ACTIVITY: The expected answer is the set of lines in the data below between the line holding "speedboot met onderwatermotor" and the line holding "vidaXL Taburet s", inclusive, written out exactly.

EXERCISE INPUTS:

+---+

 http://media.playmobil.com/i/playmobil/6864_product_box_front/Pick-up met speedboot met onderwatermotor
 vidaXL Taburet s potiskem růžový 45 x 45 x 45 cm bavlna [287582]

+---+

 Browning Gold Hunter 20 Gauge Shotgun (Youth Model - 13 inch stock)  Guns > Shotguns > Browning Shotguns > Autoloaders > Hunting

+---+

RESULT OF THE EXERCISE:
 http://media.playmobil.com/i/playmobil/6864_product_box_front/Pick-up met speedboot met onderwatermotor
 vidaXL Taburet s potiskem růžový 45 x 45 x 45 cm bavlna [287582]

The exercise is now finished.